Let's build a very simple trait, and derive it with custom derive.
So the first thing we need to do is start a new crate for our project.
$ cargo new --bin hello-world
All we want is to be able to call hello_world()
on a derived type. Something
like this:
#[derive(HelloWorld)]
struct Pancakes;
fn main() {
Pancakes::hello_world();
}
With some kind of nice output, like Hello, World! My name is Pancakes.
.
Let's go ahead and write up what we think our macro will look like from a user
perspective. In src/main.rs
we write:
#[macro_use]
extern crate hello_world_derive;
trait HelloWorld {
fn hello_world();
}
#[derive(HelloWorld)]
struct FrenchToast;
#[derive(HelloWorld)]
struct Waffles;
fn main() {
FrenchToast::hello_world();
Waffles::hello_world();
}
Great. So now we just need to actually write the procedural macro. At the
moment, procedural macros need to be in their own crate. Eventually, this
restriction may be lifted, but for now, it's required. As such, there's a
convention; for a crate named foo
, a custom derive procedural macro is called
foo-derive
. Let's start a new crate called hello-world-derive
inside our
hello-world
project.
$ cargo new hello-world-derive
To make sure that our hello-world
crate is able to find this new crate we've
created, we'll add it to our toml:
[dependencies]
hello-world-derive = { path = "hello-world-derive" }
As for our the source of our hello-world-derive
crate, here's an example:
extern crate proc_macro;
extern crate syn;
#[macro_use]
extern crate quote;
use proc_macro::TokenStream;
#[proc_macro_derive(HelloWorld)]
pub fn hello_world(input: TokenStream) -> TokenStream {
// Construct a string representation of the type definition
let s = input.to_string();
// Parse the string representation
let ast = syn::parse_macro_input(&s).unwrap();
// Build the impl
let gen = impl_hello_world(&ast);
// Return the generated impl
gen.parse().unwrap()
}
So there is a lot going on here. We have introduced two new crates: syn
and
quote
. As you may have noticed, input: TokenSteam
is immediately converted
to a String
. This String
is a string representation of the Rust code for which
we are deriving HelloWorld
for. At the moment, the only thing you can do with a
TokenStream
is convert it to a string. A richer API will exist in the future.

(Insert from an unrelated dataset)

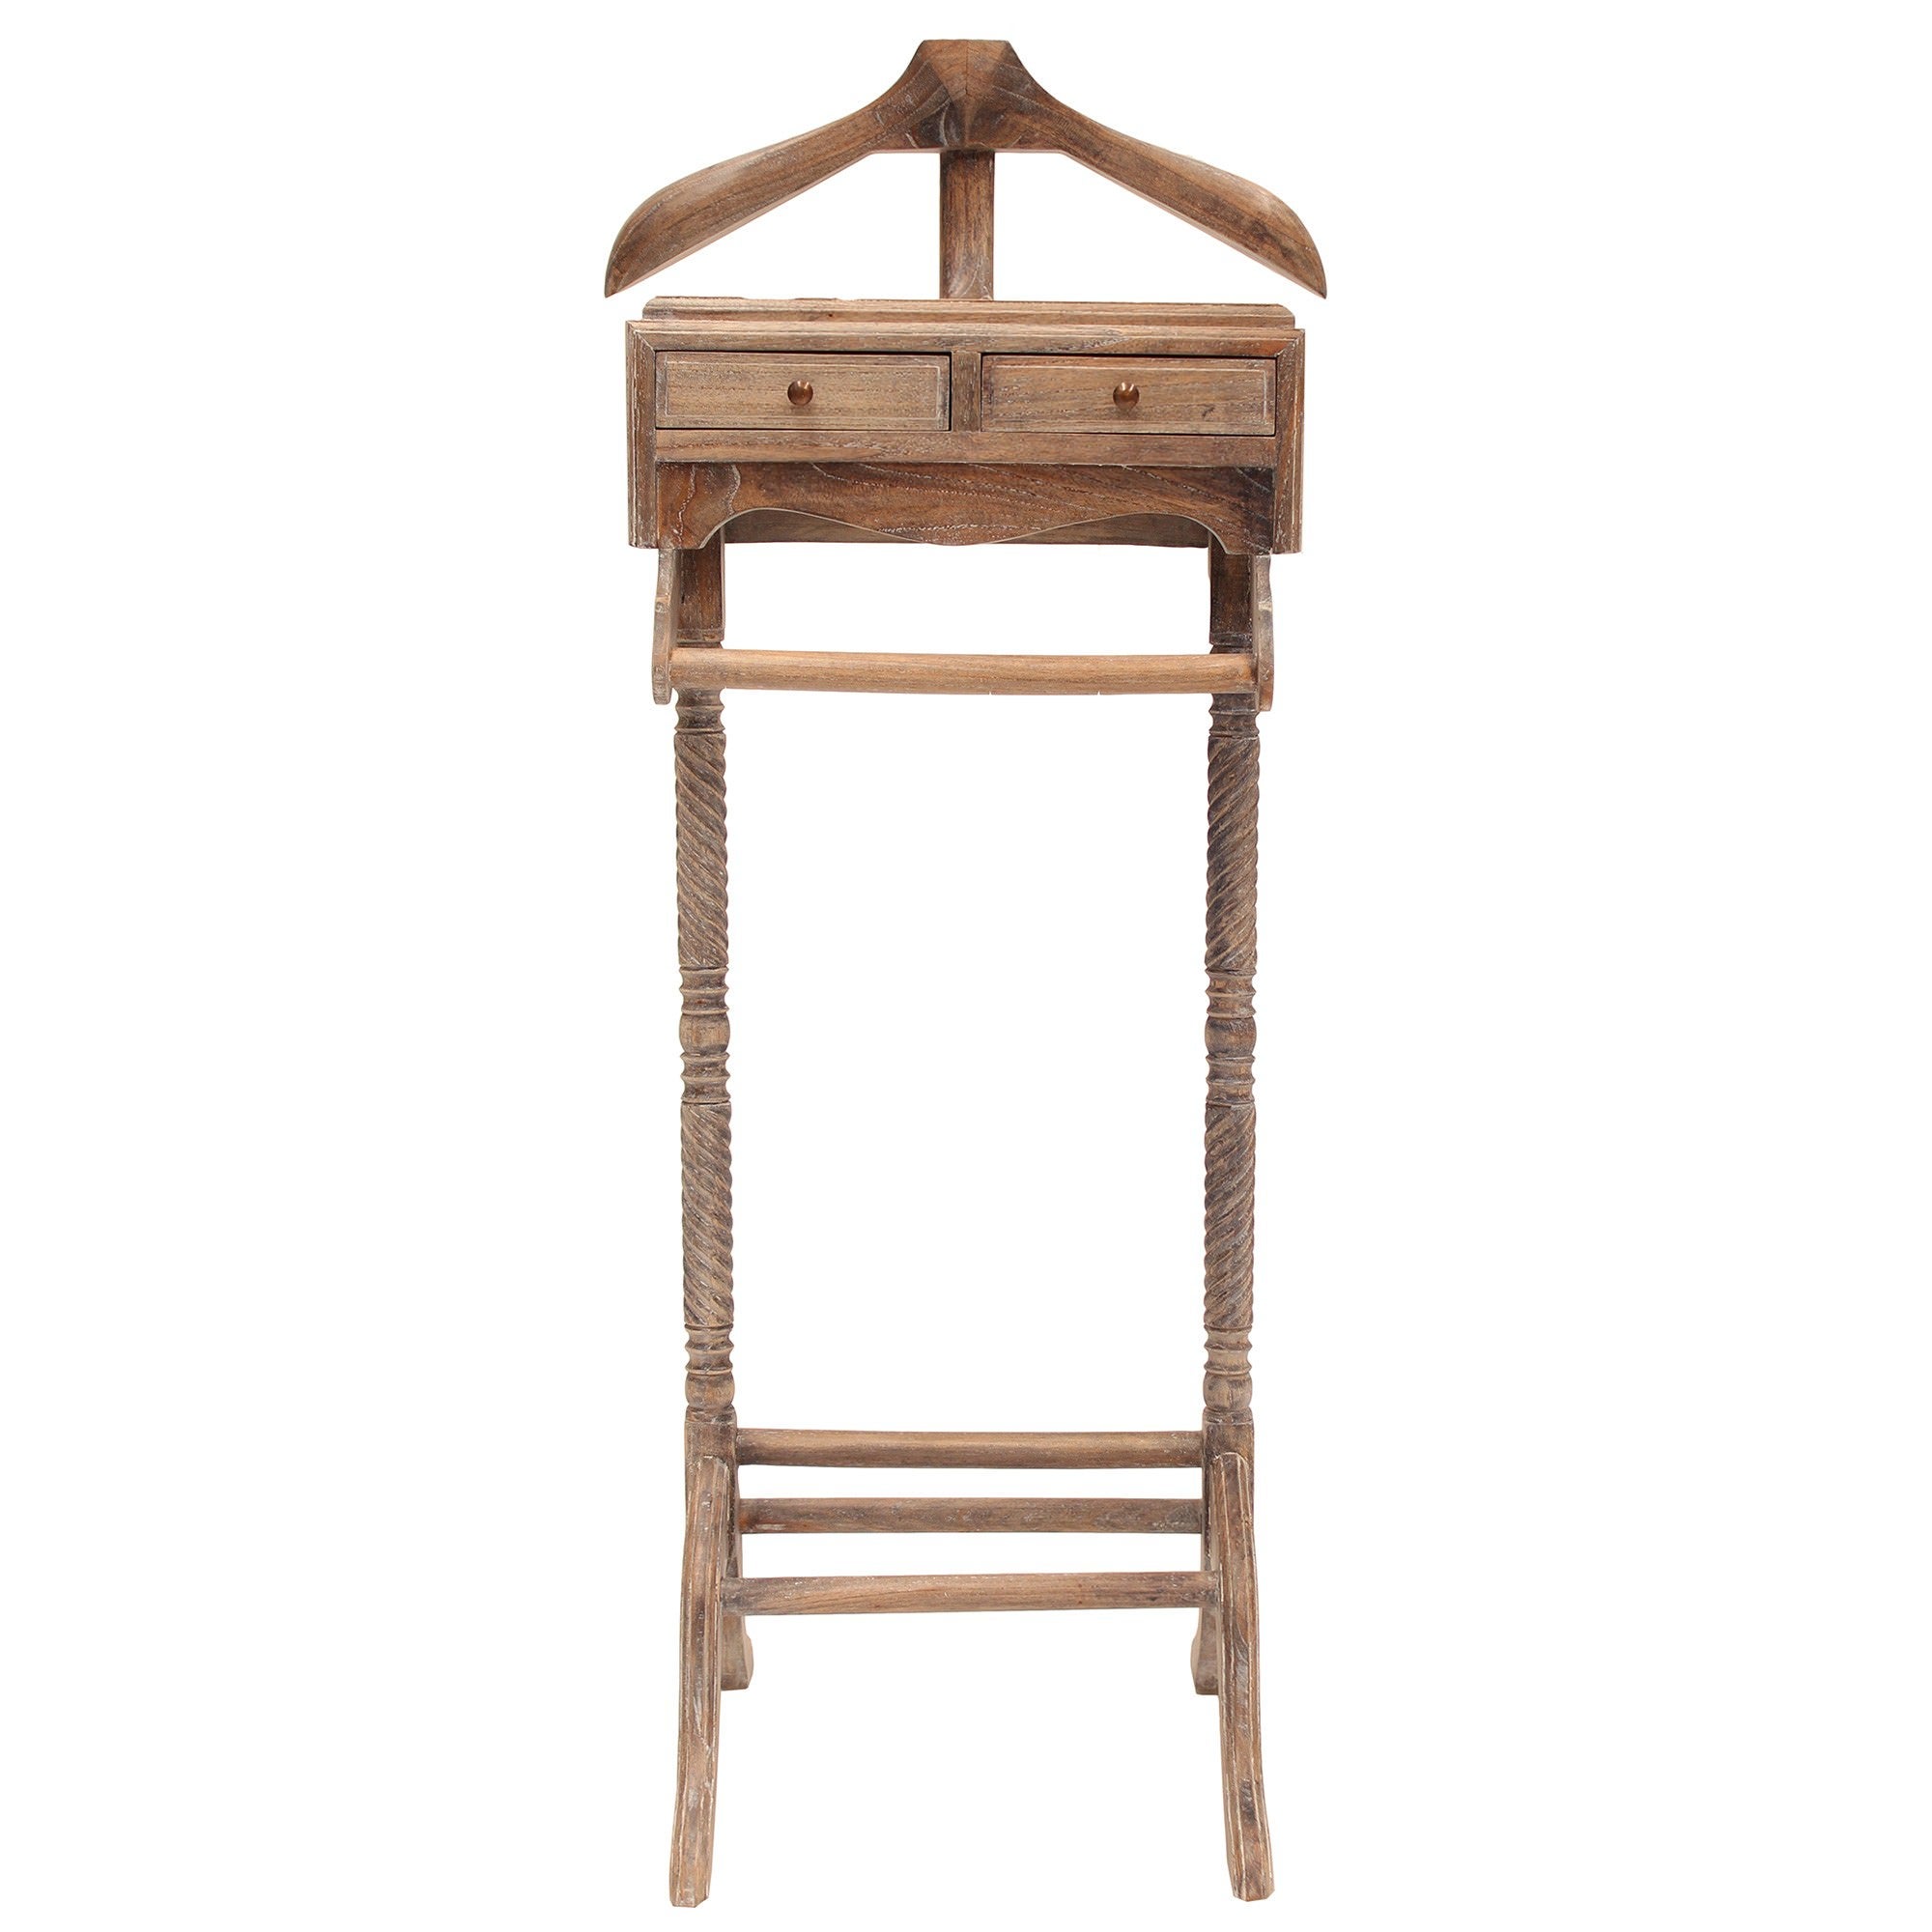 Recco Hand Crafted Mahogany Valet Stand, Weathered Oak

So what we really need is to be able to parse Rust code into something
usable. This is where syn
comes to play. syn
is a crate for parsing Rust
code. The other crate we've introduced is quote
. It's essentially the dual of
syn
as it will make generating Rust code really easy. We could write this
stuff on our own, but it's much simpler to use these libraries. Writing a full
parser for Rust code is no simple task.
The comments seem to give us a pretty good idea of our overall strategy. We
are going to take a String
of the Rust code for the type we are deriving, parse
it using syn
, construct the implementation of hello_world
(using quote
),
then pass it back to Rust compiler.
One last note: you'll see some unwrap()
s there. If you want to provide an
error for a procedural macro, then you should panic!
with the error message.
In this case, we're keeping it as simple as possible.
Great, so let's write impl_hello_world(&ast)
.
fn impl_hello_world(ast: &syn::MacroInput) -> quote::Tokens {
let name = &ast.ident;
quote! {
impl HelloWorld for #name {
fn hello_world() {
println!("Hello, World! My name is {}", stringify!(#name));
}
}
}
}
So this is where quotes comes in. The ast
argument is a struct that gives us
a representation of our type (which can be either a struct
or an enum
).
Check out the docs,
there is some useful information there. We are able to get the name of the
type using ast.ident
. The quote!
macro let's us write up the Rust code
that we wish to return and convert it into Tokens
. quote!
let's us use some
really cool templating mechanics; we simply write #name
and quote!
will
replace it with the variable named name
. You can even do some repetition
similar to regular macros work. You should check out the
docs for a good introduction.
So I think that's it. Oh, well, we do need to add dependencies for syn
and
quote
in the cargo.toml
for hello-world-derive
.
[dependencies]
syn = "0.10.5"
quote = "0.3.10"
That should be it. Let's try to compile hello-world
.
error: the `#[proc_macro_derive]` attribute is only usable with crates of the `proc-macro` crate type
--> hello-world-derive/src/lib.rs:8:3
|
8 | #[proc_macro_derive(HelloWorld)]
| ^^^^^^^^^^^^^^^^^^^^^^^^^^^^^
Oh, so it appears that we need to declare that our hello-world-derive
crate is
a proc-macro
crate type. How do we do this? Like this:
[lib]
proc-macro = true
Ok so now, let's compile hello-world
. Executing cargo run
now yields:
Hello, World! My name is FrenchToast
Hello, World! My name is Waffles
We've done it!